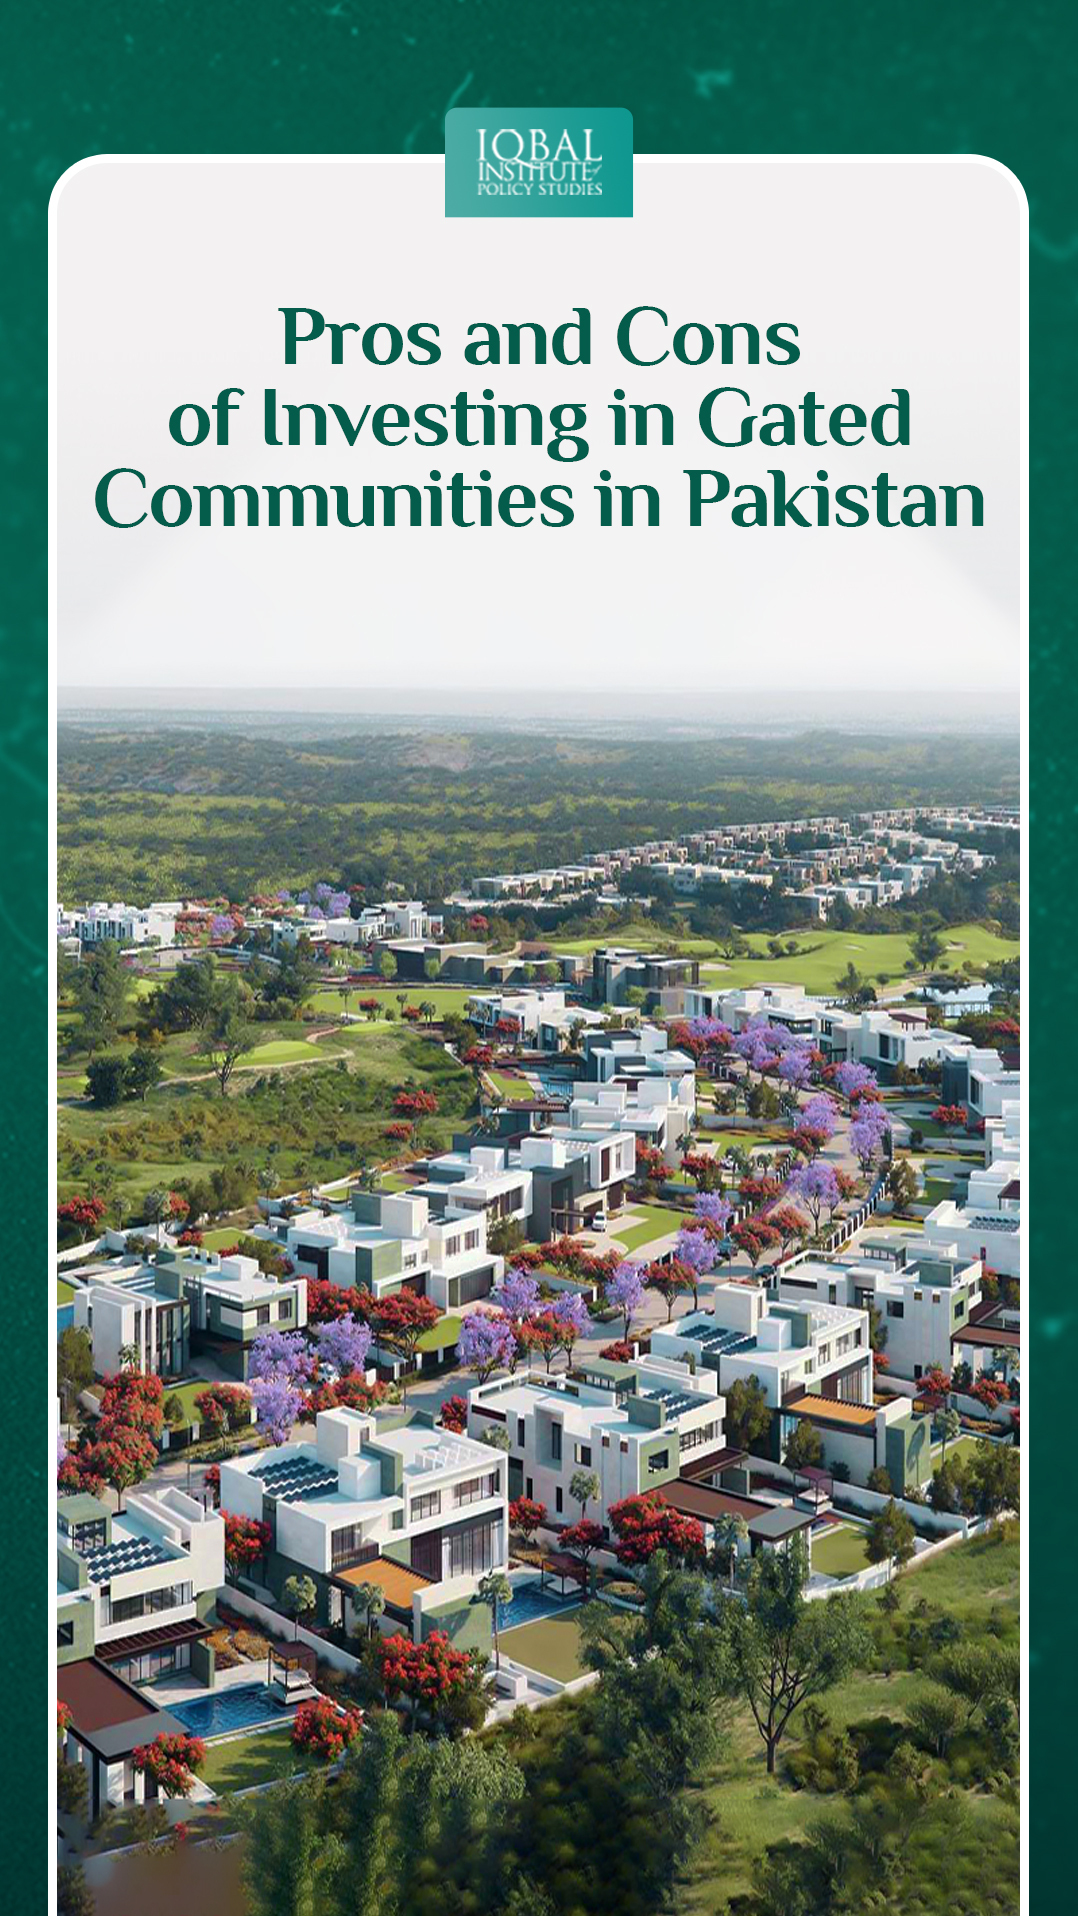 Pros and Cons of Investing in Gated Communities in Pakistan
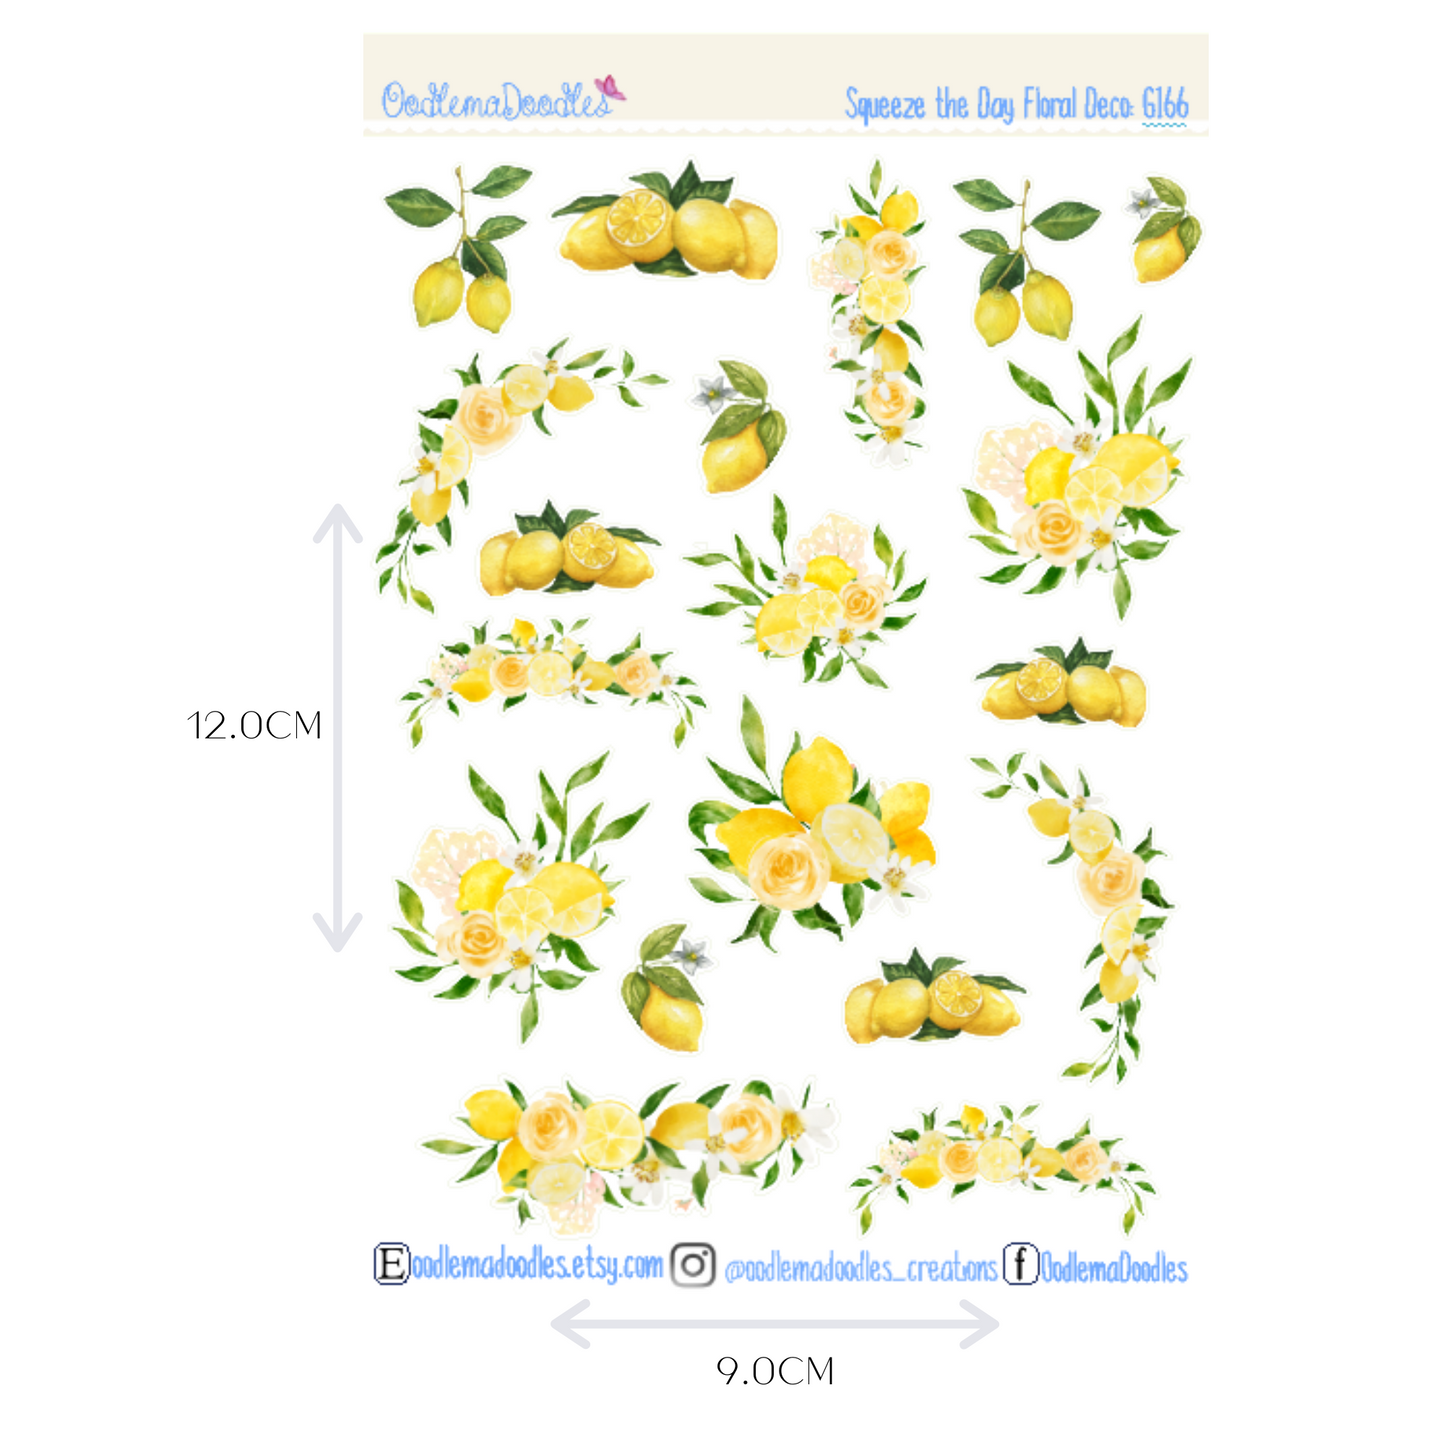 Squeeze the Day Floral Decorative Stickers
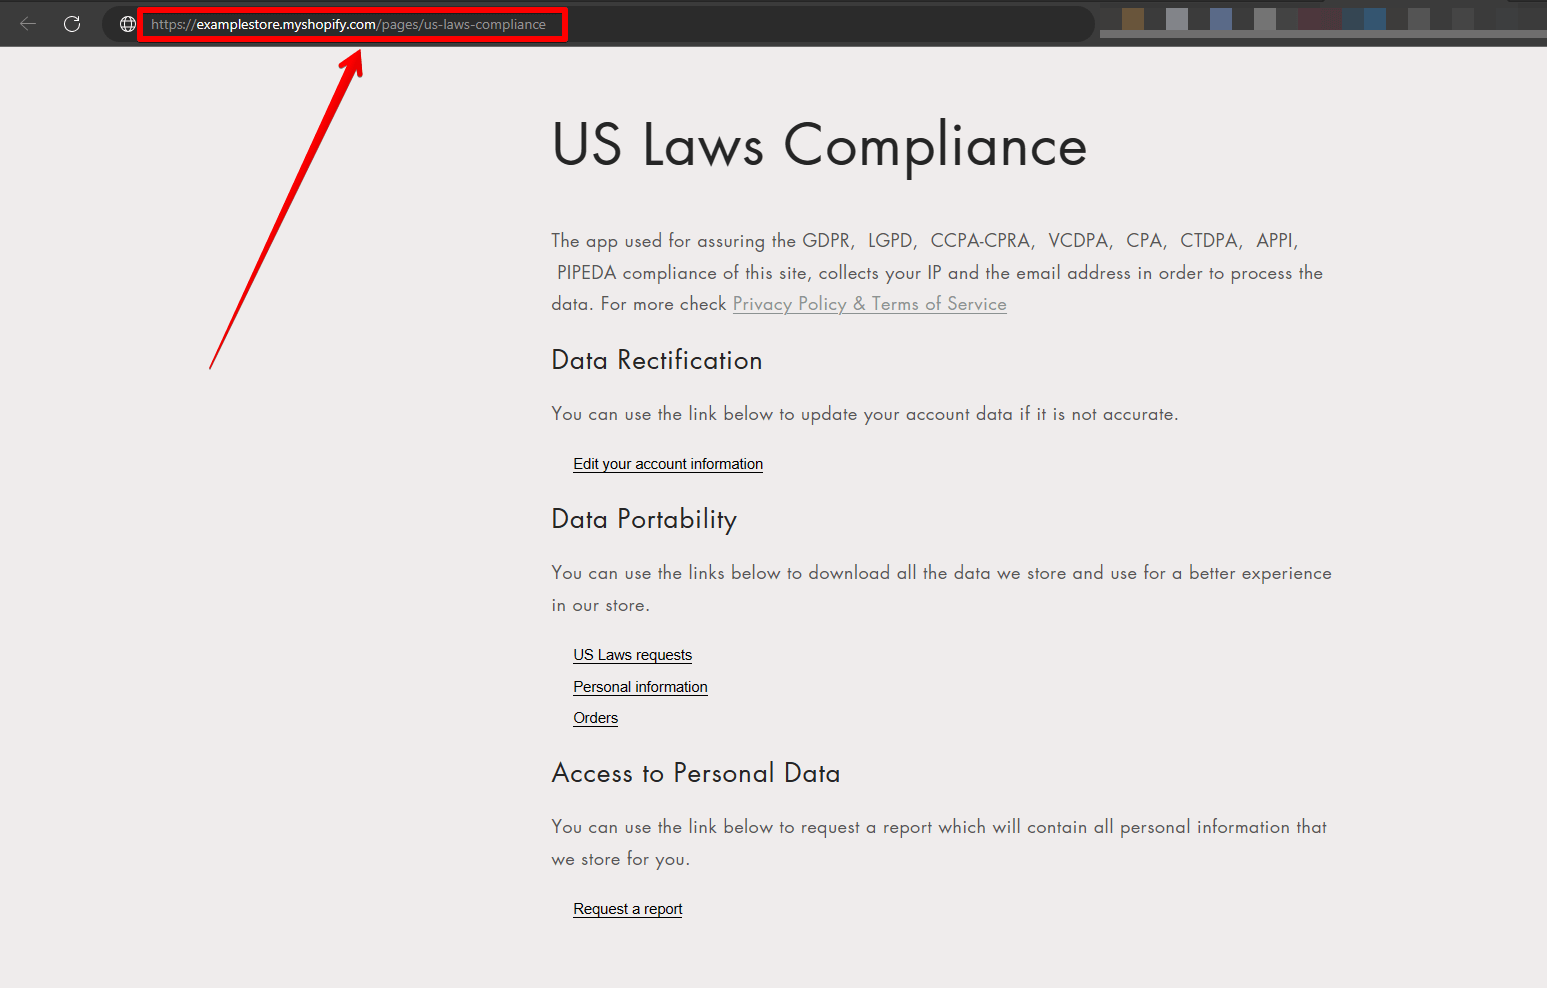 US Laws Compliance Page Link

§ Work instructions: Reproduce the listing exactly, images omitted.

§ Solution to the problem:
 Pros and Cons of Investing in Gated Communities in Pakistan
 Squeeze the Day Floral Decorative Stickers
 US Laws Compliance Page Link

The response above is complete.